The French president will meet with Italian Prime Minister Matteo Renzi in Paris in the morning, before heading to Moscow where he will hold talks with the Russian strongman.
Hollande has been on a whirlwind tour seeking to build a coalition to crush IS in Iraq and Syria but has seen few concrete pledges so far, and his campaign has been further complicated by a diplomatic spat between Russia and Turkey.
France invoked a clause requiring EU member states to provide military assistance after the November 13 attacks in Paris, when 130 people lost their lives in a wave of killings by suicide bombers and gunmen claimed by IS.
On Wednesday, German Chancellor Angela Merkel pledged to stand beside France in its fight against the jihadist group after talks with Hollande, vowing to act “swiftly” to see how Germany can help in the fight against terrorism.
The French and German leaders each laid a pink rose among the tributes of flowers and candles in Place de la Republique, the Paris square that has become a rallying point since the bloodshed.
Hours earlier, Defence Minister Ursula von der Leyen said Germany would send 650 soldiers to Mali to provide some relief to French forces fighting jihadists there.
Meanwhile in Britain, Prime Minister David Cameron will on Thursday set out the case for his country to extend its air strikes against IS from Iraq into Syria ahead of a vote by MPs next week.
The British premier has called IS a “direct threat to our security at home and abroad” and on Monday offered to let France use the RAF Akrotiri air base in Cyprus when flying missions against the jihadists.
Cameron met with Hollande earlier this week and has said he “firmly supported” France's actions, but US President Barack Obama has given the idea of greater cooperation with Russia against IS a much cooler reception.
Hollande courts Russia
Hollande's diplomatic efforts also suffered a blow after Turkey shot down a Russian jet, sparking a diplomatic incident between the rival powers fighting in Syria that has threatened to escalate into a wider conflict.

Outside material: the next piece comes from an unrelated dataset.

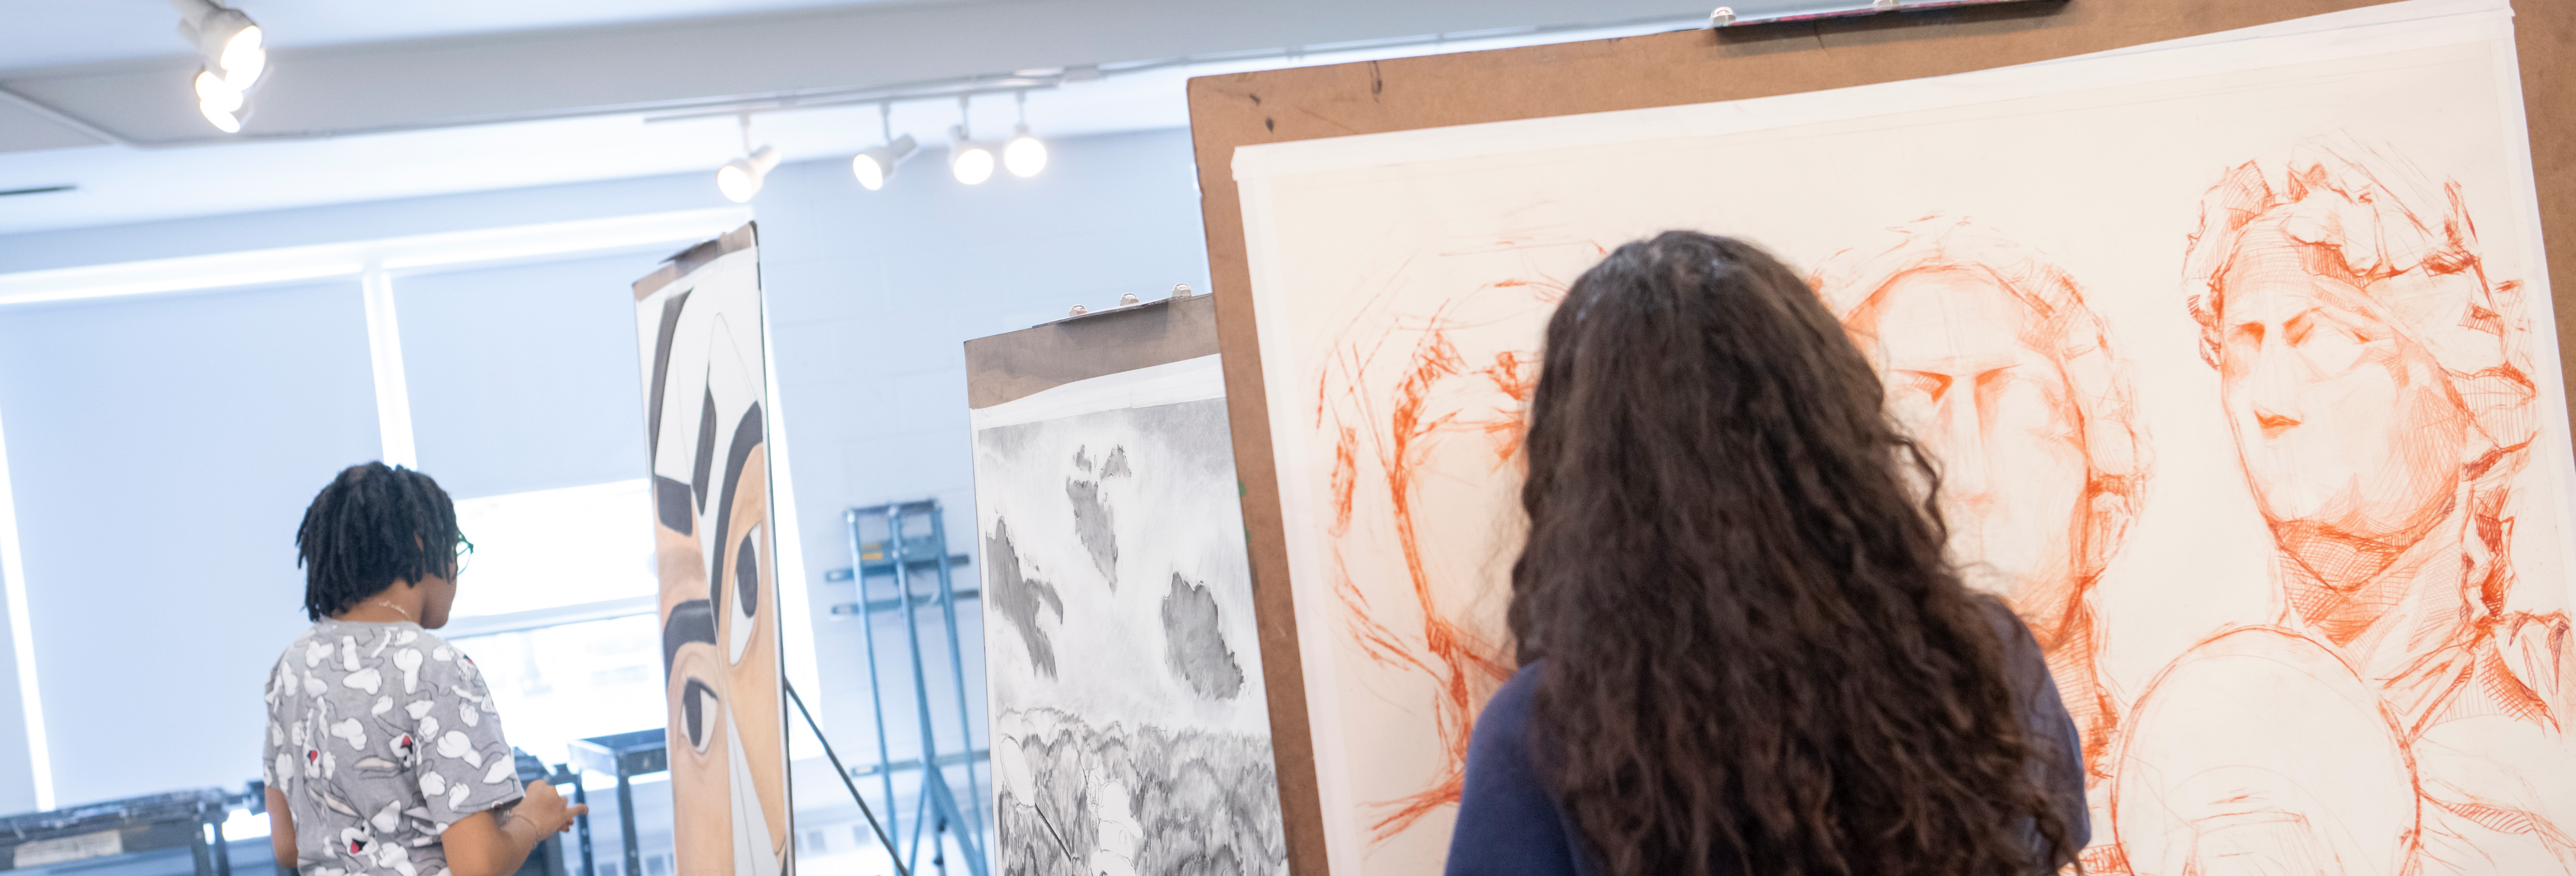 Student Opportunities, drawing class

Turkey's military said Wednesday it did not know the warplane it shot down was Russian and it was ready for “all kinds of cooperation” with Russia, after Moscow called the incident a “planned provocation”.
The sole surviving pilot said he had received no warning and the aircraft did not violate Turkish air space, prompting the Turkish army to release audio recordings it said showed the Russian jet was repeatedly warned to change course.
Moscow has intensified its strikes in Syria after IS claimed it brought down a Russian passenger plane over Egypt last month, killing all 224 people on board.
Russia carried out heavy raids in Syria's northern Latakia province on Wednesday, the Syrian Observatory for Human Rights monitoring group said, in the same area where Turkey downed the Russian fighter.
Ankara and Moscow are on opposing sides in the four-year Syrian conflict, with Turkey wanting to see the ouster of President Bashar al-Assad while Russia is one of his last remaining allies.
Russian Foreign Minister Sergei Lavrov has backed the French president's proposal to close off the Syria-Turkey border, considered the main crossing point for foreign fighters seeking to join IS.
“I think this is a good proposal and tomorrow President Hollande will talk to us in greater detail about it. We would be ready to seriously consider the necessary measures for this,” Lavrov said in Moscow.
French jets on Monday launched their first air strikes from the Charles de Gaulle aircraft carrier in the eastern Mediterranean.
Prime Minister Manuel Valls told the French parliament, which overwhelmingly supported pressing the air campaign against IS, that “there is no alternative, we must annihilate Daesh”, speaking to the chamber on Wednesday.
He said French planes, which started hitting Isis targets in Iraq in September 2014, had carried out more than 300 strikes against the jihadists.